Короче говоря, я заключил с ним соглашение о покупке манускриптов трёх квартетов, симфонии, увертюры и скрипичного концерта, который очень красив и который он сам обязался переложить для фортепиано (обычного и с расширенной клавиатурой), — а также концерт для фортепиано. За всё это мы должны заплатить ему 200 фунтов стерлингов, однако право собственности распространяется только на страны Британского доминиона. <…>

Симфония и увертюра изумительно хороши, и я полагаю, что заключил отличную сделку».

Бетховен — Жозефине Дейм, 11(?) мая 1807 года:

«Любимая Ж[озефина], прошу Вас прислать мне адрес Вашего брата в Офене — он мне нужен срочно. — Дел у меня крайне много, — а чувствую я себя неважно, — да и настроение весьма скверное, — о чём я предпочёл бы Вам тут не рассказывать. — Надеюсь, через несколько дней мне станет лучше, и тогда я увижу мою возлюбленную, единственную Ж[озефину].

Бетховен».

Бетховен — графу Францу Брунсвику в Будапешт (Офен), 11 мая 1807 года:

«Дорогой, дорогой Б[рунсвик]!

Скажу тебе только, что дела мои с Клементи устроились наилучшим образом. Я должен получить от него 200 фунтов стерлингов, и за мною при этом сохраняется право продать те же самые произведения в Германии и Франции. Сверх того он предложил мне ряд других заказов, так что я могу надеяться, что ещё в молодые годы достигну положения, которое приличествует истинному артисту. Мне нужны, дорогой Брунсвик, квартеты. Я просил уже твою сестру, чтобы она тебе об этом написала. Копировка с моей партитуры отняла бы слишком много времени, а потому поспеши их прислать мне с ближайшей почтой. Ты их получишь обратно — самое позднее — через четыре-пять дней. Прошу тебя об этом самым настоятельным образом, так как в противном случае я многое могу потерять. Если ты можешь устроить, чтобы меня пригласили на пару концертов в Венгрию, то сделай это. Вы могли бы приобрести меня за 200 дукатов золотом. Я привезу тогда с собой и свою оперу; с титулованной театральной сволочью я никак не могу дотолковаться.

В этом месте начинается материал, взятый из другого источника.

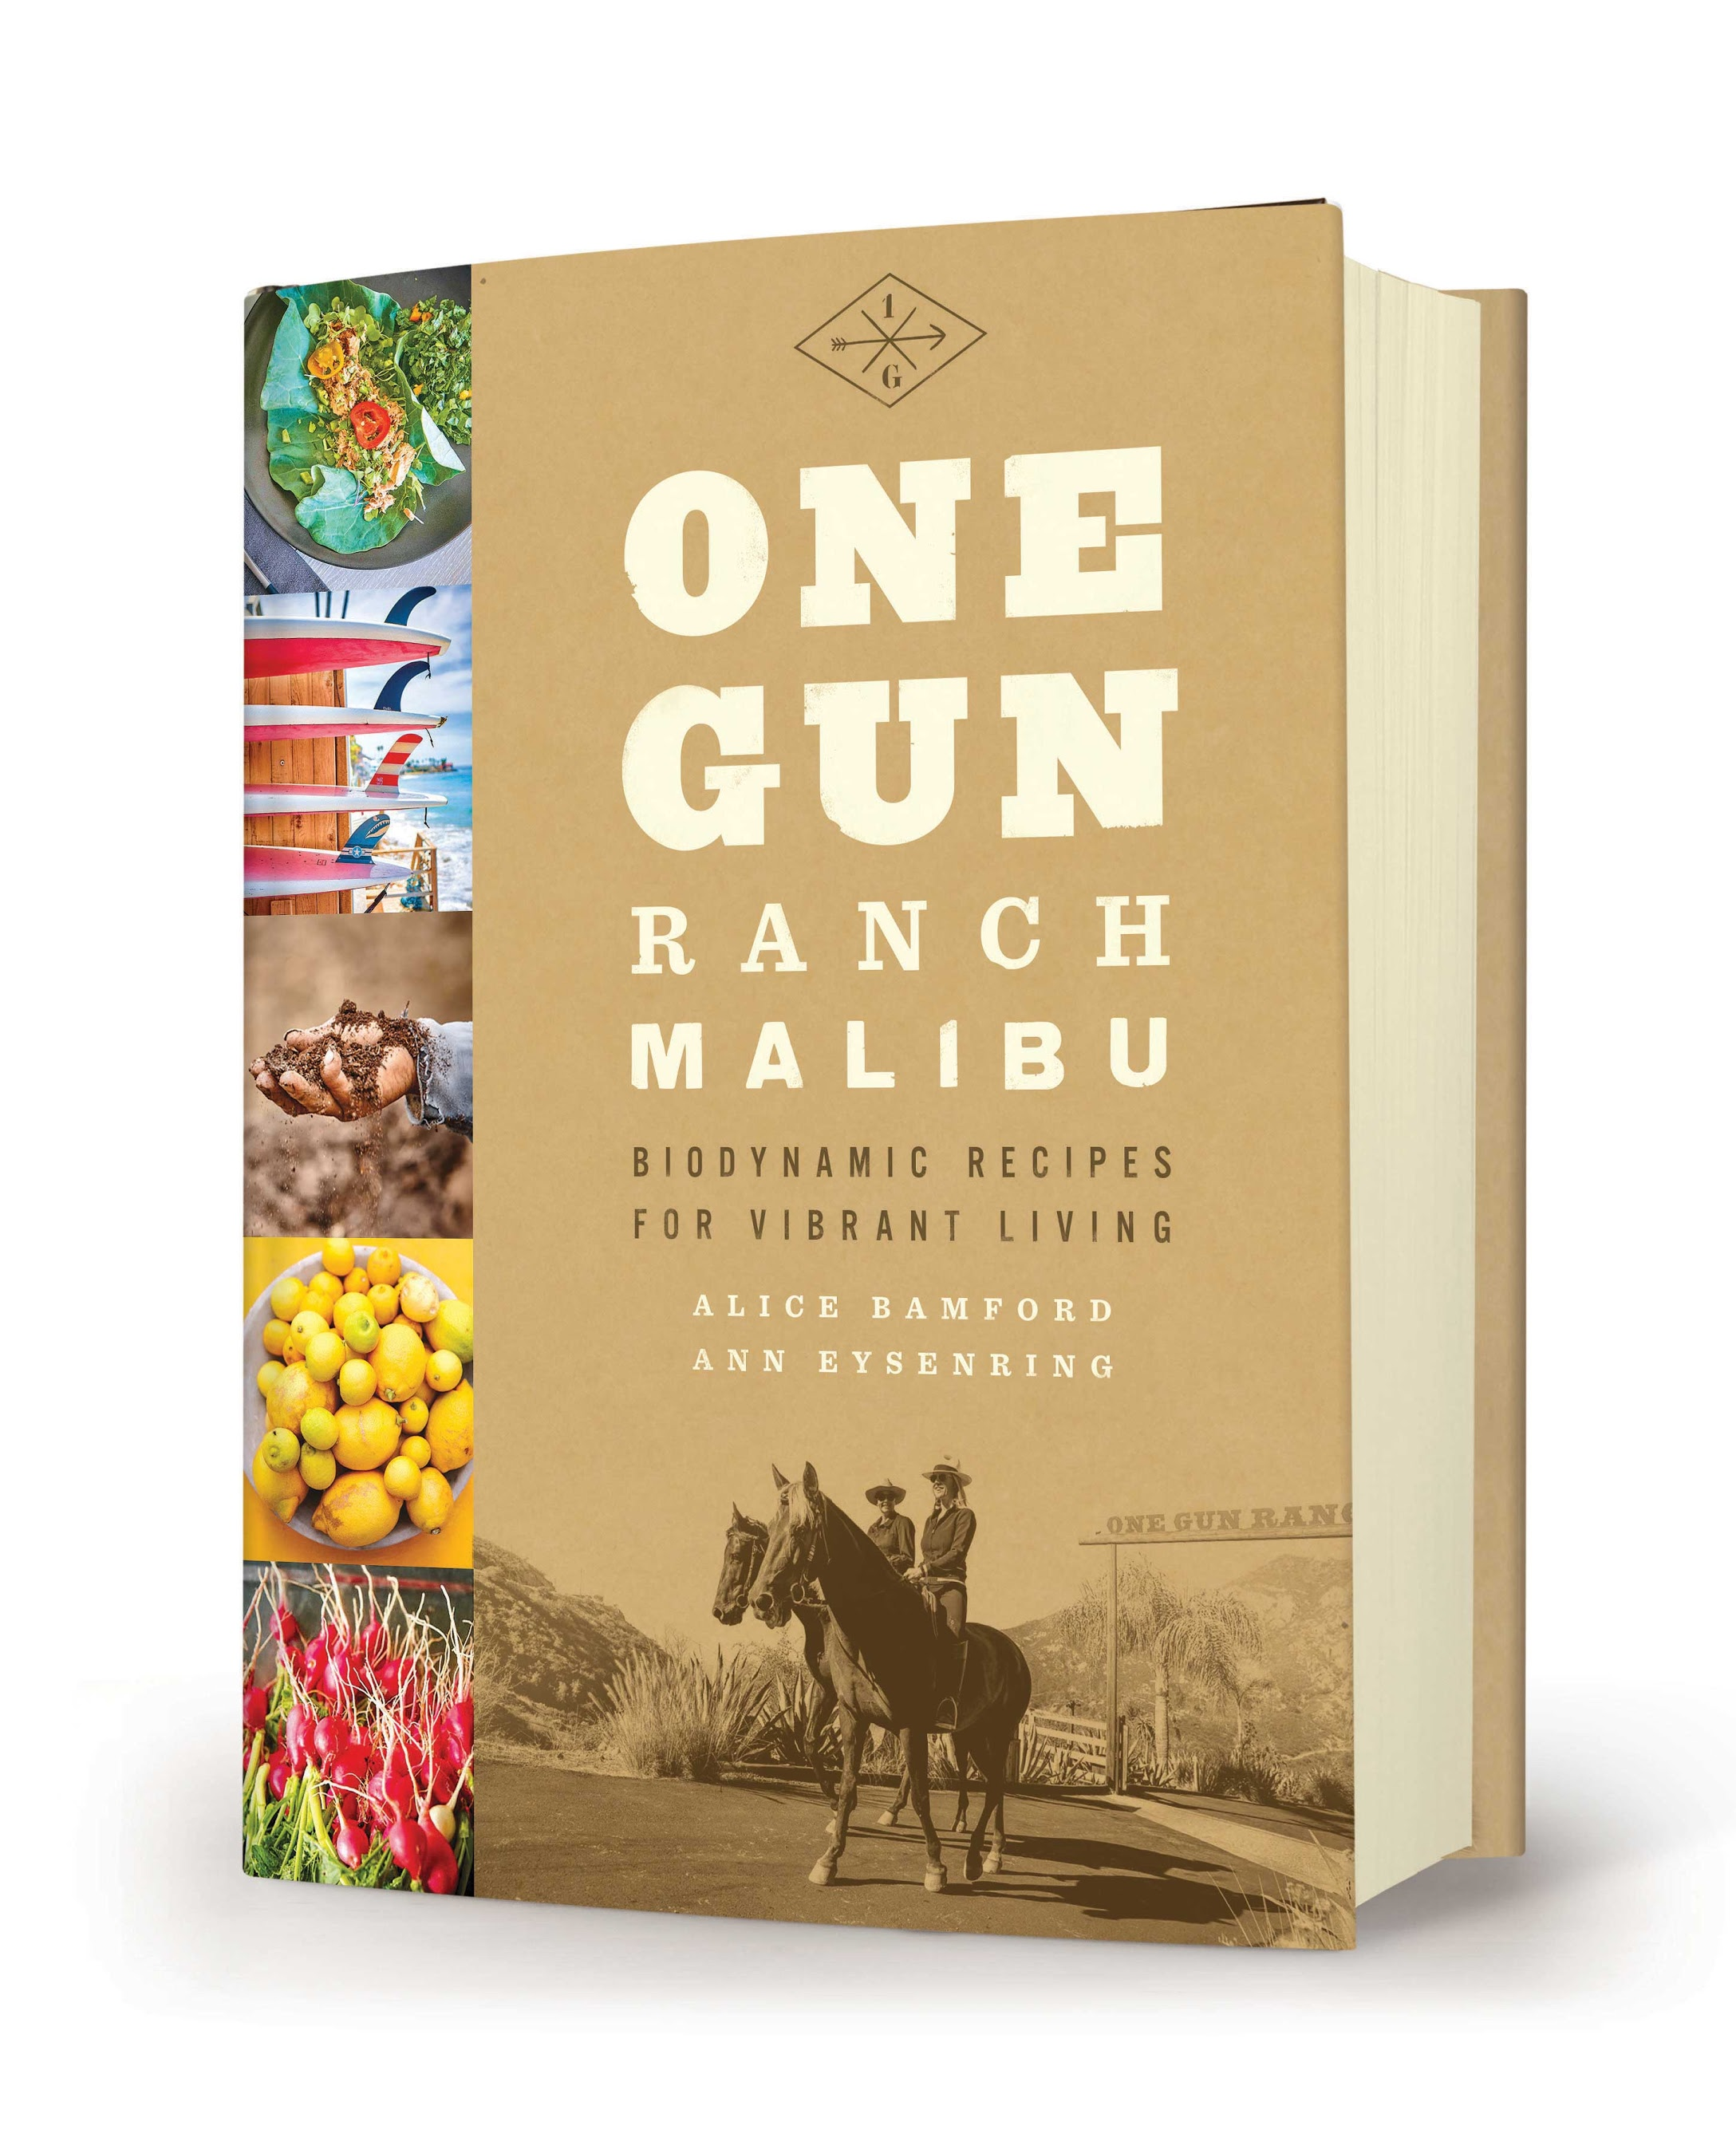 One Gun Ranch

Всякий раз, когда мы (несколько amici) распиваем твоё вино, мы тебя опаиваем допьяна, то есть пьём за твоё здоровье. — Прощай и торопись — торопись — торопись отослать мне квартеты, иначе ты меня поставишь в очень затруднительное положение. — Шуппанциг женился, говорят, что на особе, очень похожей на него, — экое семейство???? Поцелуй свою сестру Терезу. Скажи ей, что я опасаюсь стать великим без того, чтобы она меня увековечила. Завтра же пошли мне квартеты — квартеты-т-е-т-ы.

Твой друг Бетховен».

— Ну вот, моя драгоценная, вы должны быть довольны мной…

Он стоял перед ней, сжимая её руки в своих, но говорил вовсе не о любви, ибо тут всё давно было сказано, а о деньгах…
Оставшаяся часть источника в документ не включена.